After creating all output files, the program will perform a self-check, i.e. it will compare the expected list of output files (based purely on API data, agnostic to the structure file) with the actual list of generated output files. In case that any expected file is missing, the program will print an error message, save the expected file list to {id}_expected_files.txt, and terminate with a non-zero exit code. This self-check is skipped when using --no-api.

Generated image types

PDBImages generates many types of images. By default, it will create all image types that make sense for the selected mode (pdb/alphafold) and entry. Alternatively, the user can select a subset of image types by the --type option. These are all the available types:

  • entry – Create images of the whole deposited structure, colored by chains and colored by entities (i.e. chemically distinct molecules).
    • –> {pdb}_deposited_chain_{view}_image-{size}.png
    • –> {pdb}_deposited_chemically_distinct_molecules_{view}_image-{size}.png
  • assembly – For each assembly listed in the mmCIF file, create images of the whole assembly, colored by chains and colored by entities.
    • –> {pdb}_assembly_{assembly}_chain_{view}_image-{size}.png
    • –> {pdb}_assembly_{assembly}_chemically_distinct_molecules_{view}_image-{size}.png
  • entity - For each distinct entity, create an image of the preferred assembly with this entity highlighted. This excludes the water entity. If an entity is not present in the preferred assembly, the program will instead use the first assembly where this entity is present (e.g. entity 5 in 7nys). If an entity is not present in any assembly, the deposited model will be used instead (e.g. entity 3 in 6ml1).
    • –> {pdb}_entity_{entity}_{view}_image-{size}.png
  • domain – Create images for SIFTS mappings (CATH, SCOP, Pfam, Rfam). Namely, for each combination of SIFTS family and entity, select a chain belonging to that entity and create an image of the chain with highlighted SIFTS domain(s). If there are domains from the same family in different entities, process each of them separately. If there are multiple domains from the same family in the same entity but in different chains, process just one of the chains. If there are multiple domains from the same family within one chain, render this chain with each domain highlighted in a different color (choose the chain with most domain in such case). Requires API.
    • –> {pdb}_{entity}_{chain}_{source}_{family}_image-{size}.png
  • ligand – For each distinct non-polymer entity in the structure (with the exception of water), create an image of this molecule highlighted plus its surrounding. If there are multiple instances of the same entity, only process one of them.
    • –> {pdb}_ligand_{ligand}_image-{size}.png
  • modres – For each distinct modified residue in the structure, create an image of the preferred assembly with all instances of this modified residue highlighted. Requires API.
    • –> {pdb}_modres_{modres}_{view}_image-{size}.png
  • bfactor – Create an image of the deposited structure in putty representation with color-coded B-factors. Skip if the structure is not from a diffraction method (thus B-factors are not available).
    • –> {pdb}_bfactor_image-{size}.png
  • validation – Create an image of the deposited structure with color-coded validation data. Requires API.
    • –> {pdb}_validation_geometry_deposited_image-{size}.png
  • plddt – Create an image of the deposited structure with color-coded pLDDT values. This is only for --mode alphafold.
    • –> {pdb}_modres_{modres}_image-{size}.png
  • all – A shortcut to create all meaningful image types (i.e. all but plddt in pdb mode, plddt in alphafold mode).

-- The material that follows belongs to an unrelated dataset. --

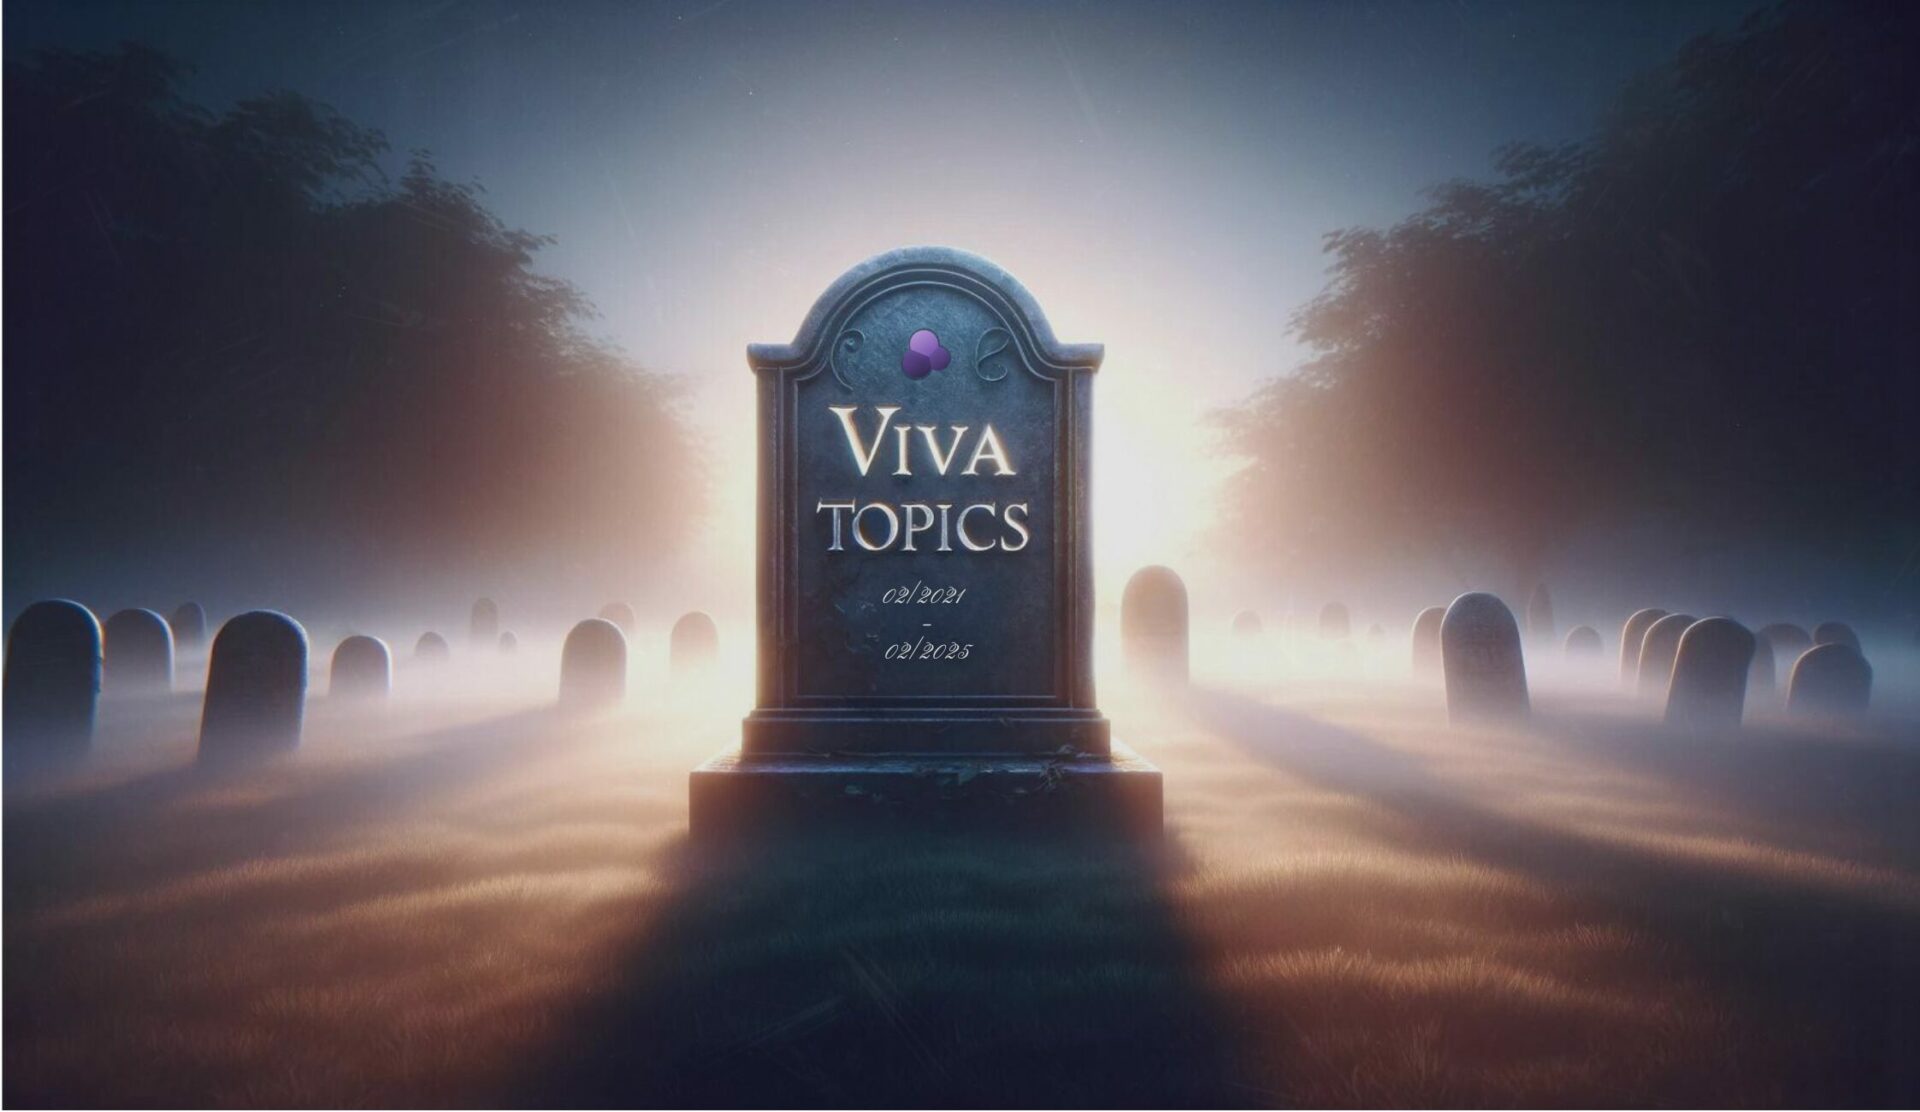 A gravestone with 'Viva Topics' written on it.

By default, some image types are rendered in three views (front, side, top view) with axis arrows shown in the left bottom corner, while other image types are only rendered in front view without axis arrows. This can be changed by the --view and --no-axes options.

By default, the images are rendered in one resolution, 800x800. This can be changed by the --size option. If multiple sizes are provided (e.g. --size 100x100 800x800 1600x1600), only the largest size (measured by area) will be rendered and the others will be obtained by resizing (use --render_each_size to render each size separately). If you use --size without any value, no PNG images will be rendered but captions (.caption.json) and state files (.molj) will still be created.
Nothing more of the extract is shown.